The Smell of Rain


A TrueStory
Author Anonymous



A cold March wind danced around the dead of night in Dallas, Texas as
the doctor walked into the small hospital room of Diana Blessing. Still
groggy from surgery, her husband David held her, bracing themselves for
the latest news. That afternoon, March 10, 1991, complications forced
Diana, only 24 weeks pregnant, to undergo emergency surgery. At 12
inches long and weighing only one pound, 9 ounces, Danae Lu arrived by
cesarean delivery. They already knew she was perilously premature.
Still, the doctor's soft words dropped like bombs. "I don't think she's
going to make it," he said as kindly as he could. "There's only a 10%
chance she will live through the night. If by some slim chance she does
make it, her future could be a very cruel one."

Numb with disbelief, David and Diana listened as the doctor described
the devastating problems Danae could face if she survived. She would
never walk, nor talk--- probably be blind; prone to other catastrophic
conditions from cerebral palsy to complete mental retardation, and on
and on. Through the dark hours of morning as Danae held onto life by the
thinnest thread, Diana slipped in and out of drugged sleep, growing more
and more determined their daughter would live to be a happy, healthy
young girl. Fully awake, David knew he must confront his wife with
inevitable. David walked in and said that they needed to talk about
making funeral arrangements. Diana remembers saying, "No, that is not
going to happen. Danae is not going to die. One day she will be just
fine and she will be coming home with us."

As if willed to live by Diana's determination, Danae clung to life hour
after hour. But as those first days passed, a new agony set in for David
and Diana because Danae's underdeveloped nervous system was essentially "raw."
Kisses or caresses only intensified her discomfort, so they couldn't
even cradle their tiny baby against their chest. All they could do as
Danae struggled beneath the ultra violet light was to pray that God
would stay close to their precious little girl.



At last when Danae turned two months old, her parents were able to hold
her for the very first time. Two months later, Danae went home from the
hospital just as her mother predicted, even though doctors grimly warned
that her chances of surviving, much less a normal life,were almost zero.

Today, Danae is a petite but feisty young girl with glittering gray eyes
and an unquenchable zest for life. She shows no signs whatever of any mental or
physical impairments. Danae is everything a little girl can be and more
- but that happy ending is far from the end of the story.


One blistering summer afternoon in 1996 in Irving, Texas, Danae was
sitting in her mother's lap at the ballpark where her brother Dustin's
baseball team was practicing. As always Danae was busy chattering when
she suddenly fell silent. Hugging her arms across her chest, Danae asked
her mother, "Do you smell that?" Smelling the air and detecting a
thunderstorm approaching, Diana replied, "Yes, it smells like rain."

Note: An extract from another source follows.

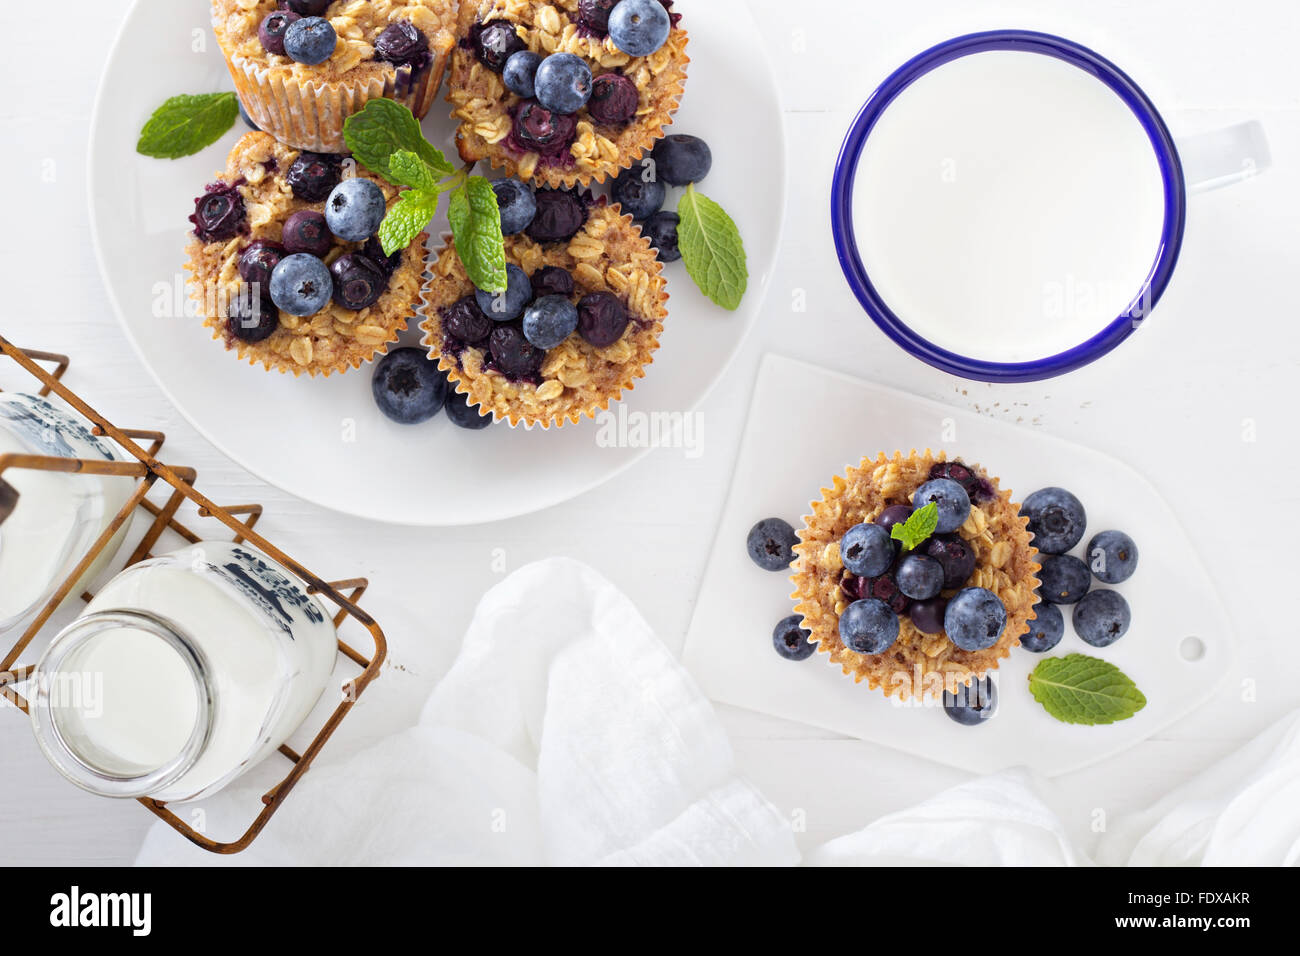 Muffins de avena cocida con leche servida con arándanos Imagen De Stock

Danae closed her eyes again and asked, "Do you smell that?" Once again
her mother replied, "Yes, I think we're about to get wet - it smells
like rain." Caught in the moment, Danae shook her head, patted her thin
shoulders and loudly announced, "No, it smells like HIM. It smells like
God when you lay your head on HIS chest."

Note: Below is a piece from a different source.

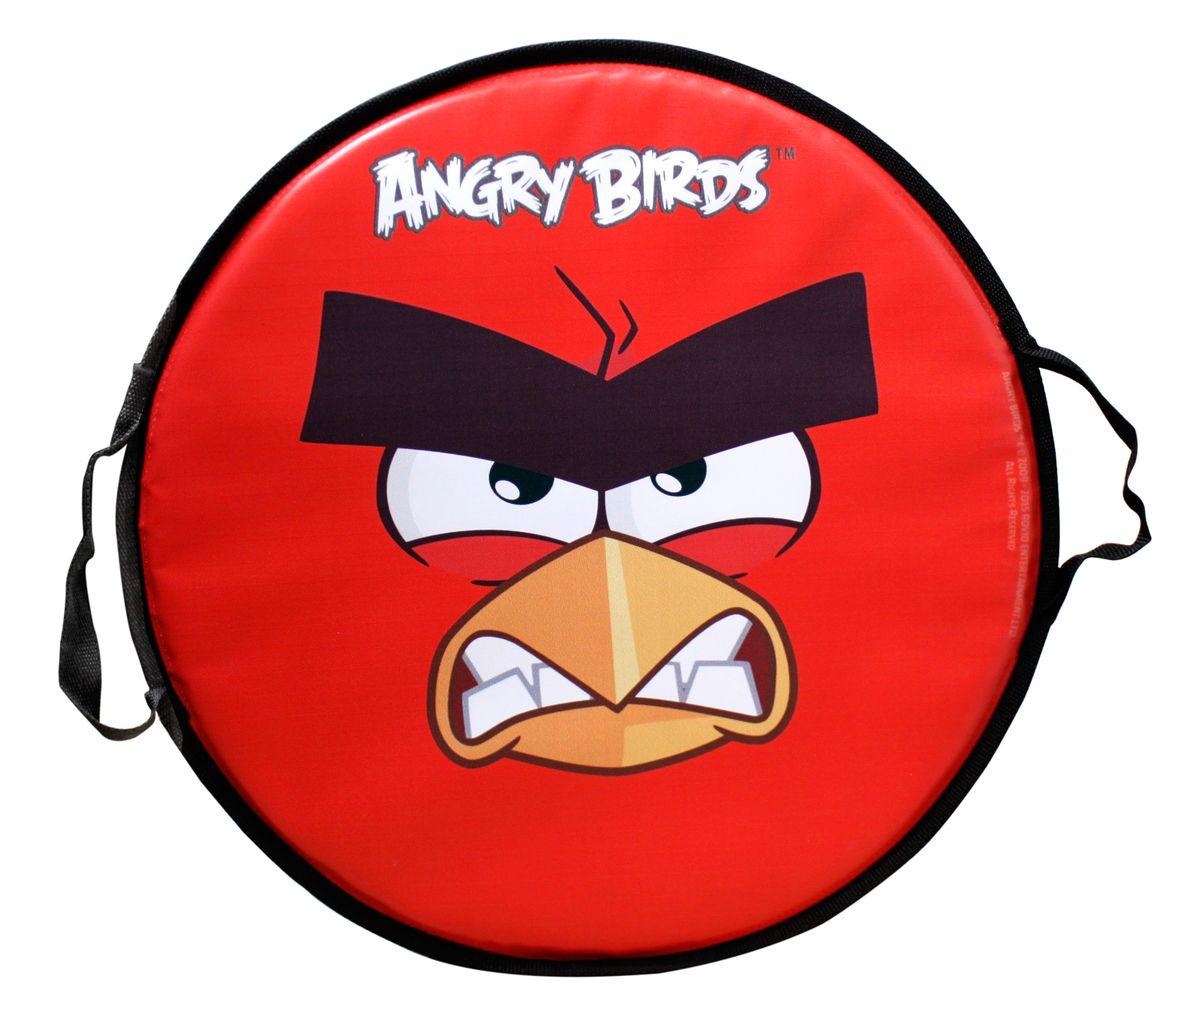 Angry Birds Ледянка круглая Angry Birds 52 см Т58162 angry birds вн14155

Tears blurred Diana's eyes as Danae then happily hopped down to play
with other children before the rain came. Her daughter's words
confirmed, at least in their hearts, what Diana and all the members of
the Blessing family had known all along.

During those long days and nights of her first two months of her life,
when her nerves were too sensitive for them to touch her, God was
holding Danae on HIS chest, and it is His loving scent that she
remembers well.., the smell of rain.